Some tasting appointments in Beaujolais are difficult to obtain because a given winemaker's work is so sought-after that he or she has no interest in cultivating new clientele. Securing a tasting with young fringe-natural winemaker Benoit Camus was difficult for something like the opposite reason. He has almost no commercial operation to speak of, instead selling his finished wines wholesale to a few négoçiants willing to sell it for him. He has practically no direct clientele at all, and next to nothing for visitors to taste.
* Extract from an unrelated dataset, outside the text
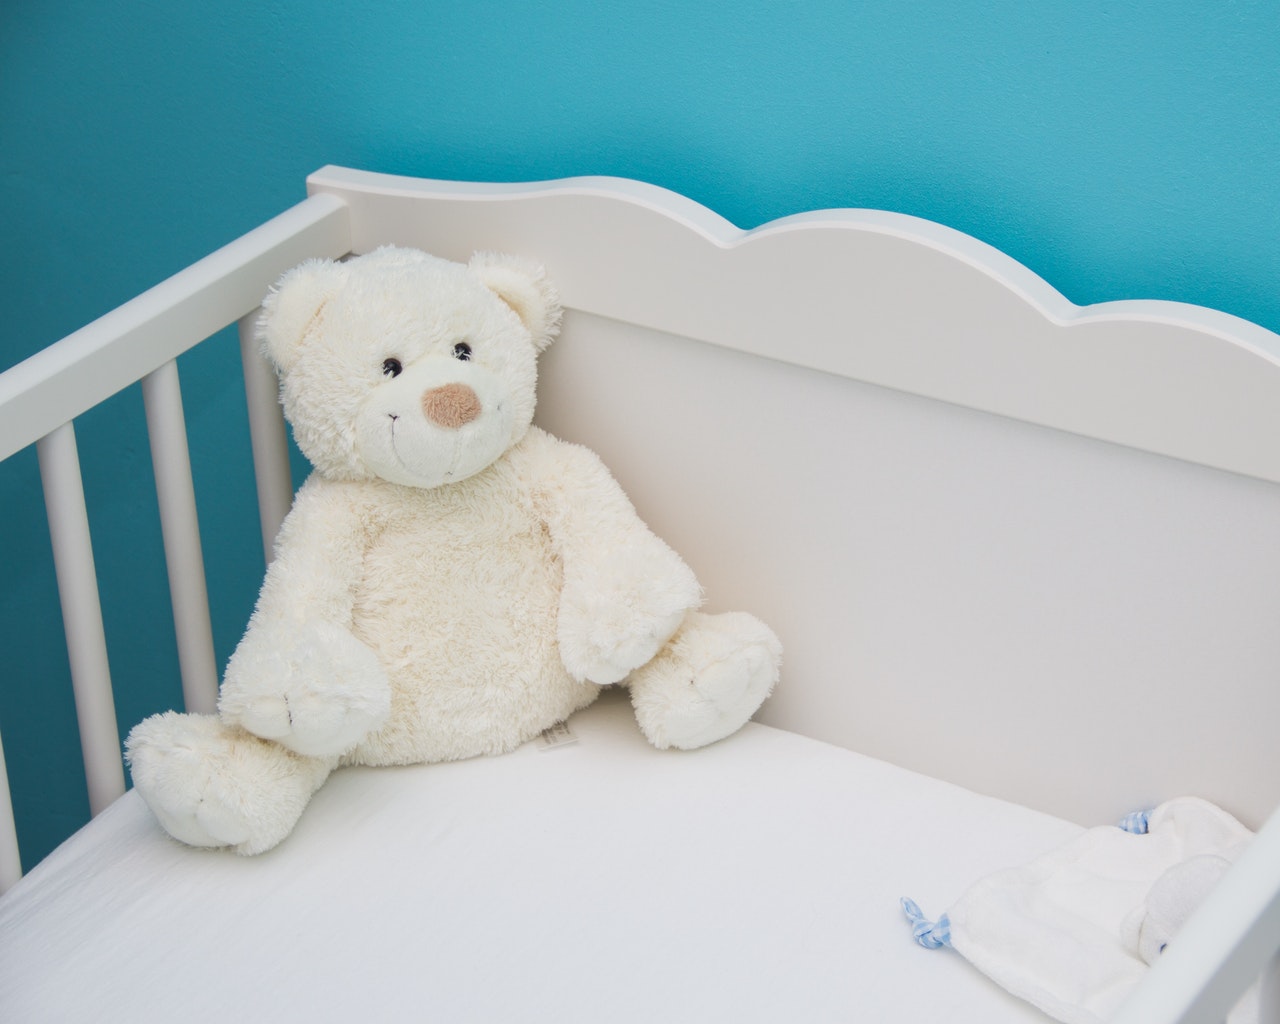 Quelques règles pour éviter la mort subite chez bébé

Camus lives in the southern Beaujolais town of Cogny, a short drive from Villefranche-sur-Saône, the riverside town north of Lyon where I commenced a bicycle trip this past spring with two novelist friends. In our initial communications, I sensed it embarrassed him to receive visitors when he had almost no wine to show. He rather gallantly kept proposing we go see a winemaker friend of his further north instead, until at last accepting to have lunch together at his house in Cogny, rather than at his cellar in nearby Ville-sur-Jarnioux.
Ordinarily I would have taken his suggestion to visit elsewhere, but Camus was located right on our itinerary, and I'd been keen to meet him since tasting his wines in Paris. As it was, over the course of a very short tasting that turned into a jam session, we got a small peek into the life of a promising, eccentric winemaker at the semi-anonymous outset of his career.